Another version of their free routine begins with a view of just her face which then expands to include her entire body. They are docked and laying on their backs. But because the camera is mounted upside-down, the scene appears upright and her face appears to be upside-down. She performs a front loop through the arms while docked and then transitions into front layouts after breaking the grip. While she holds a Compass pose, her camera flyer, Fabbi, pushes her toe to send her into a pirouette. They finish up with a nice choreographic phrase. While Simona performs a headup Chinese split pirouette, the camera captures the scene while upside down. Next, they trade roles--Fabbi makes a half camera roll and Simona performs a half loop to a Head-down Chinese Split Pirouette which requires good leg strength to keep the legs spread a full 180 degrees apart. While she is head-down, the camera is upright.
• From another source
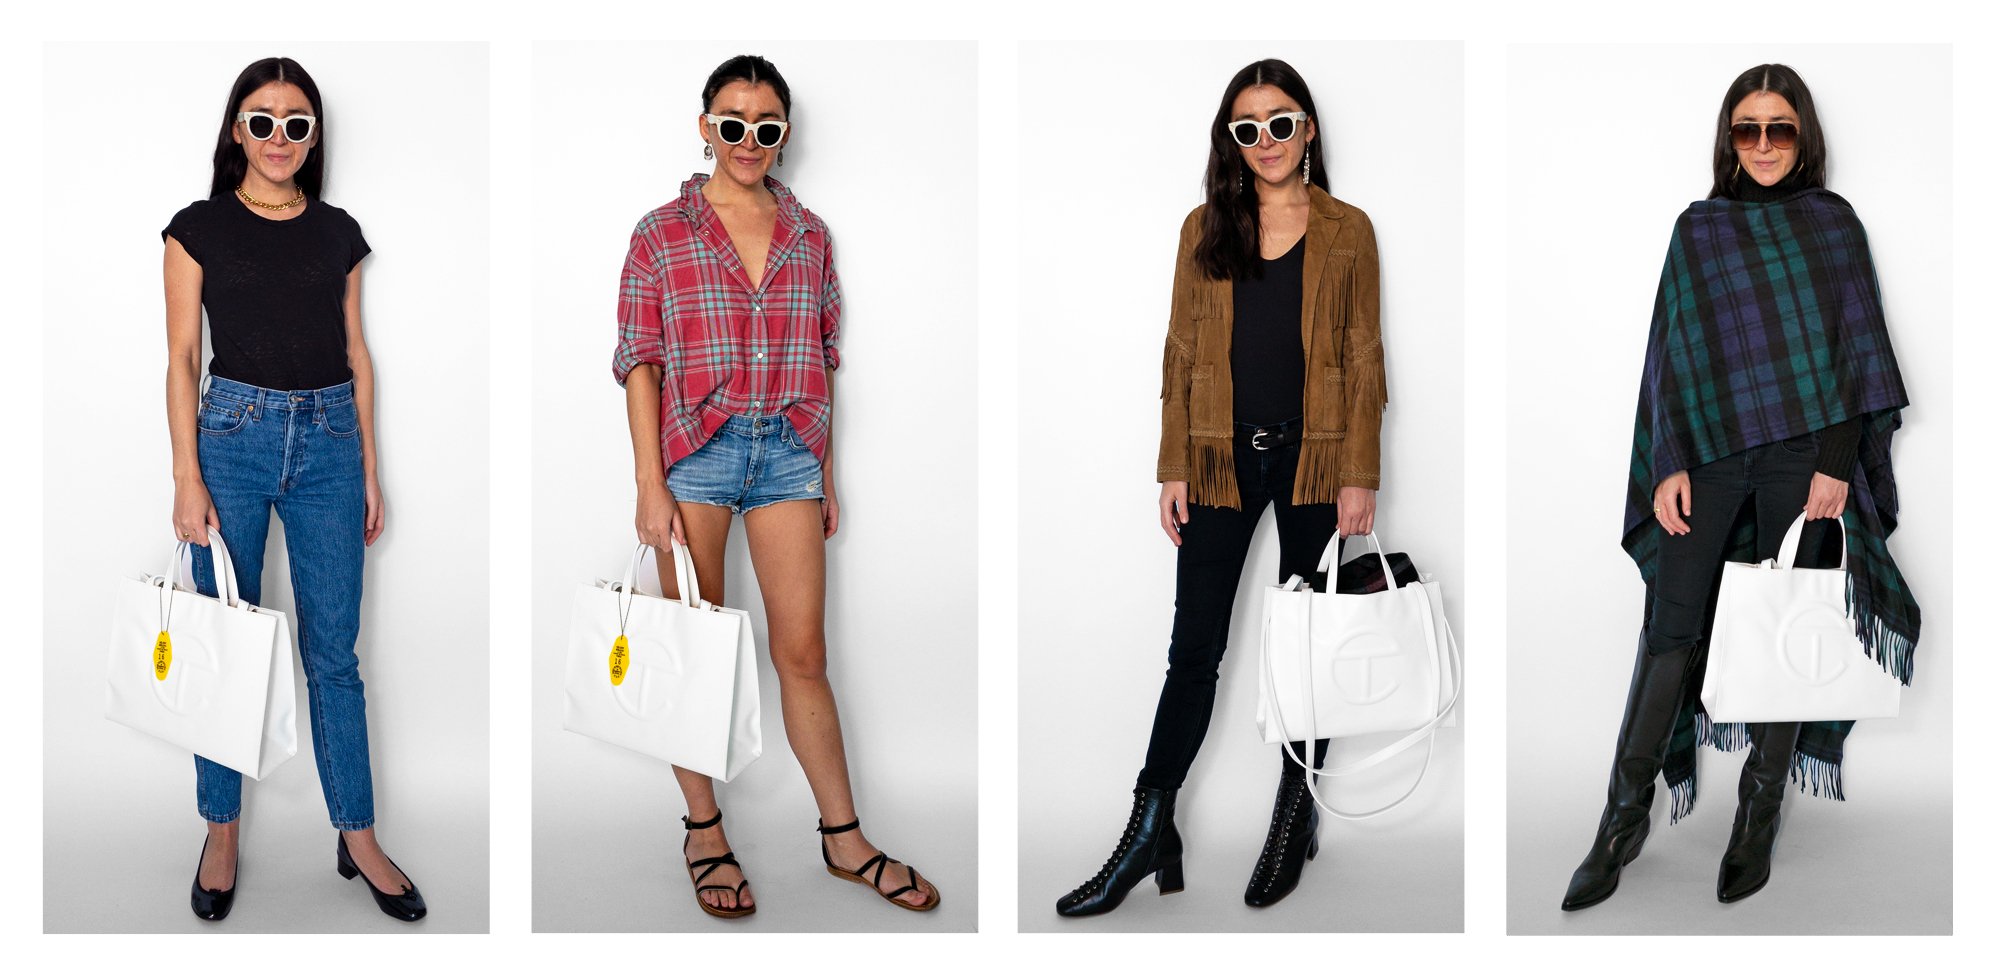 Telfar Medium Navy Shopping Bag REVIEW – How to Style 3 Ways

To start a free round, bronze medalist Emmanuelle and camera flyer Arno (Team 606) perform a head-down exit together launching from inside the plane with a single hand grip. She waves with her free hand. Among an assortment of other freestyle moves, she includes a head-down spin with one hand positioned at the bottom of her main container and the other hand forward of her chest. This arm position is the obvious technique for performing spins of this type and many competitors use this arm position. With both team members head-down, she waves good-bye with both hands to finish up her routine.
To start a free round routine, Judith and Ulli (Team 602) perform a head-down exit together from inside the plane with a single hand grip. During an Eagle rotation, Judith flies underneath as she backloops from a Daffy into a head-down Straddle and then she makes a tucked frontloop back into a Daffy as she flies over the top. (During team maneuvers, such as this Eagle rotation, the camera flyer or the freestyle or both may be contributing to the performance of the vertical orbit.) They include a dock while head-down. Following another vertical orbiting team move, Ulli docks on the forward foot of Judith's Daffy. Similar to last year, she performs a head-down straddle pirouette with one hand placed on the hip with other hand overhead. To finish the routine, she spins in a headup Daffy with one hand on the hip and one hand over head (with Ulli rotating below and looking up).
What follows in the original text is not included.